Presentation on theme: "The Catholic Church Global Studies 9 Mrs. Hart and Mrs. Bernier."— Presentation transcript:
The Catholic Church Global Studies 9 Mrs. Hart and Mrs. Bernier
The Holy Roman Empire In 936 A.D., a German king named Otto I sent troops to Italy to help the Pope put down a rebellion of nobles. Like Charlemagne, Otto I was crowned emperor. His successors later took the title “Holy Roman Emperor”.
Holy Roman Emperors The Holy Roman Emperors claimed authority over much of Europe. However under feudalism, the real rulers of the lands were the emperor’s vassals. Controlling the vassals was a real challenge for the emperors.
Conflict Between Popes and Emperors Conflicts developed between emperors and popes over the appointment of bishops in a certain realm. The emperors said they should, since the land was theirs. Popes said they should since bishops worked for the Church.
Pope Gregory VII v. Emperor Henry IV Because he believed that the pope was more powerful than all other leaders, Pope Gregory VII banned the practice of lay investiture, which angered Emperor Henry IV. After things heated up between them, the Pope excommunicated Henry. Henry, trying to save his throne, apologized. Forgiven by the Pope, Henry later took revenge on Gregory, forcing him into exile years later.
Concordat of Worms In 1122, after 50 years of struggle over the issue of lay investiture, both sides agreed to a treaty called the Concordat of Worms. They agreed that the Church had the power to elect and invest bishops with spiritual authority, but the emperor had the right to invest them with their fiefs.

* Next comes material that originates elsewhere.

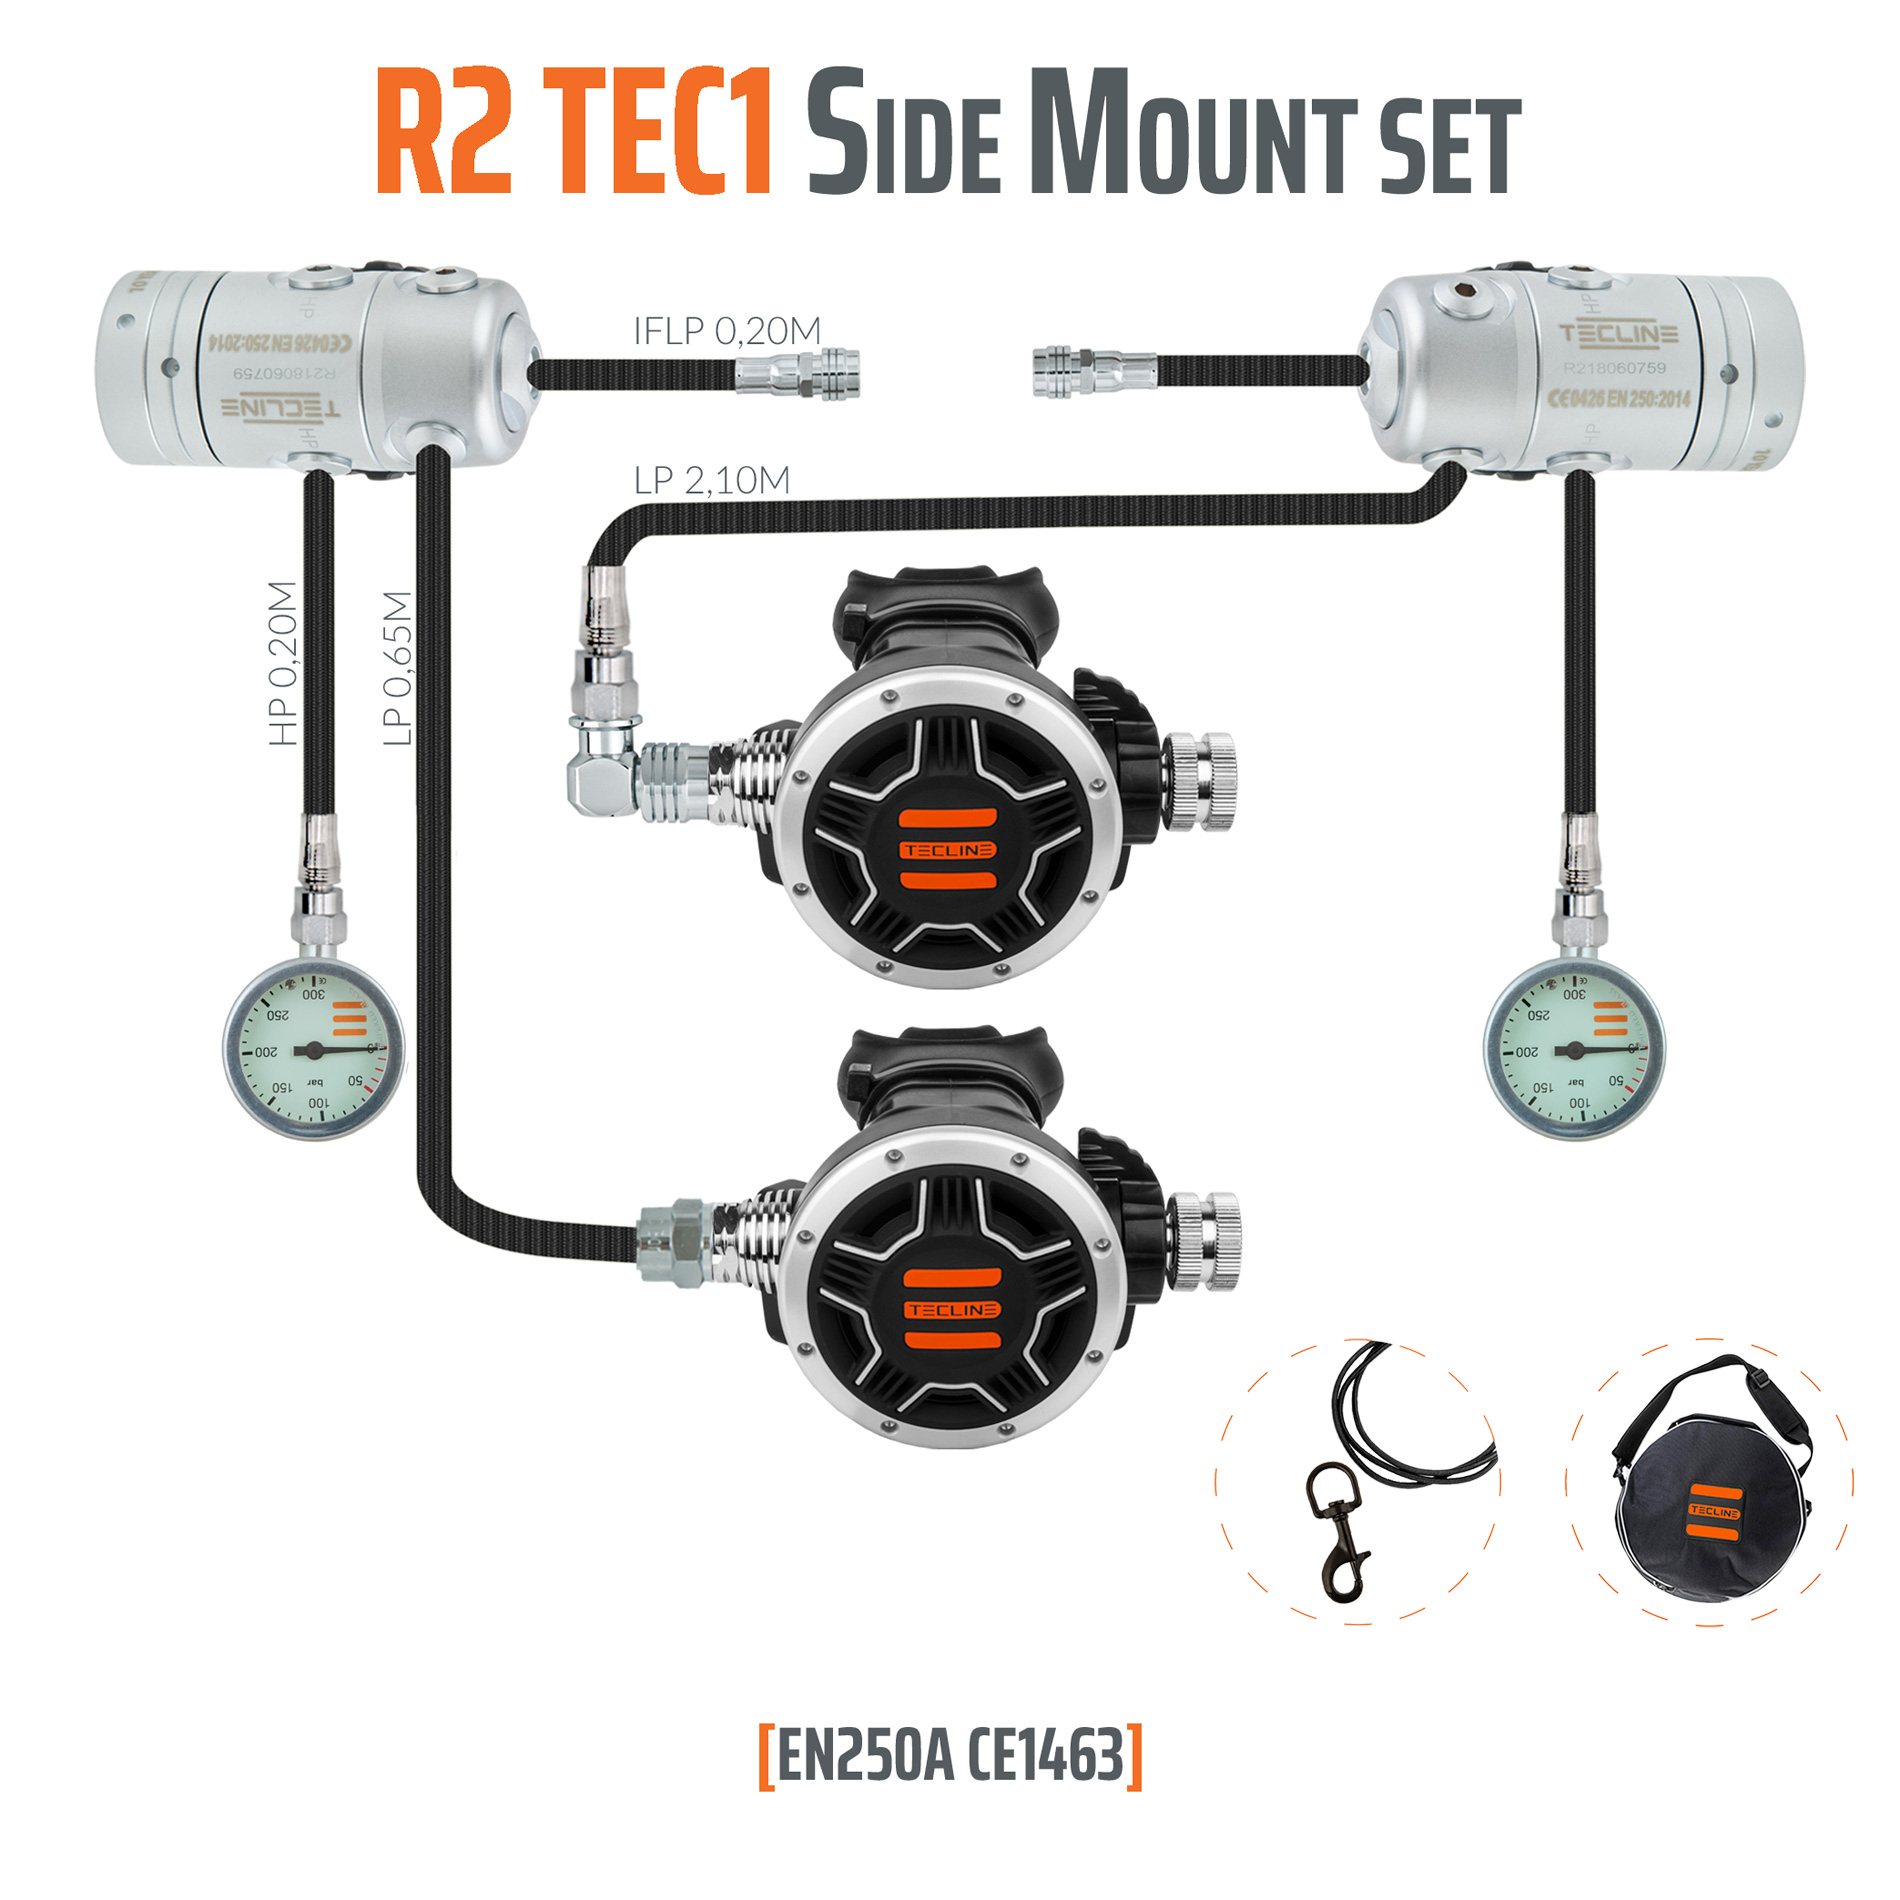 TECLINE REGULATOR R2 TEC2 SIDE MOUNT SET - EN250A 2

The Wrath of Pope Innocent III Pope Innocent III once said, “the Pope stands between God and man, lower than God but high than men, who judges all and is judged by no one.” Pope Innocent clashed with all the powerful rulers of his day. Angry with King John of England, he excommunicated him. When Philip II of France tried to annul his marriage, Innocent excommunicated him too. In 1209, when the Albigensians, a group of Christians from southern France, wanted to purify the Church, Innocent launched a crusade against them, slaughtering tens of thousands of people
The Crusades The Crusades were a series of holy wars that began in the 1050s and continued over a two hundred year period of time. They started when the Byzantine Empire, which included Palestine and the Holy Land, came under attack by the Seljuk Turks.
The Crusades The Byzantine emperor, unable to defend his empire against the Turks, asked the Pope, Urban II to send Christian knights to help. The Pope agreed, and by 1096, thousands of knights were on their way to protect the Holy Land.
Motives for the Crusades Religious zeal Knights hoped to win wealth and land. Crusaders wanted adventure and to escape problems at home. The Pope hoped to heal the schism, or split between the Catholic and Byzantine Churches. He also hoped that knights would fight the Muslim Turks instead of each other. Finally he hoped to increase his own power.
Defeat of the Christians By 1187, Jerusalem had been taken by the Muslim, although after negotiations, the Holy City was open to Christian pilgrims.
Effects of the Crusades Slaughter and misery led to religious hatred between Christians and Muslims. Trade increased in places like Venice Italy, as the Crusaders brought back new goods from the Middle and Far East. As trade increased, money reappeared. Feudal monarchs increased their power in order to support the Crusades. The split between the Catholic and Byzantine Churches did not end. Contacts with the Muslim world peaked the curiosity of explorers, giving Europe a wider world-view and bringing it out of the Dark Ages.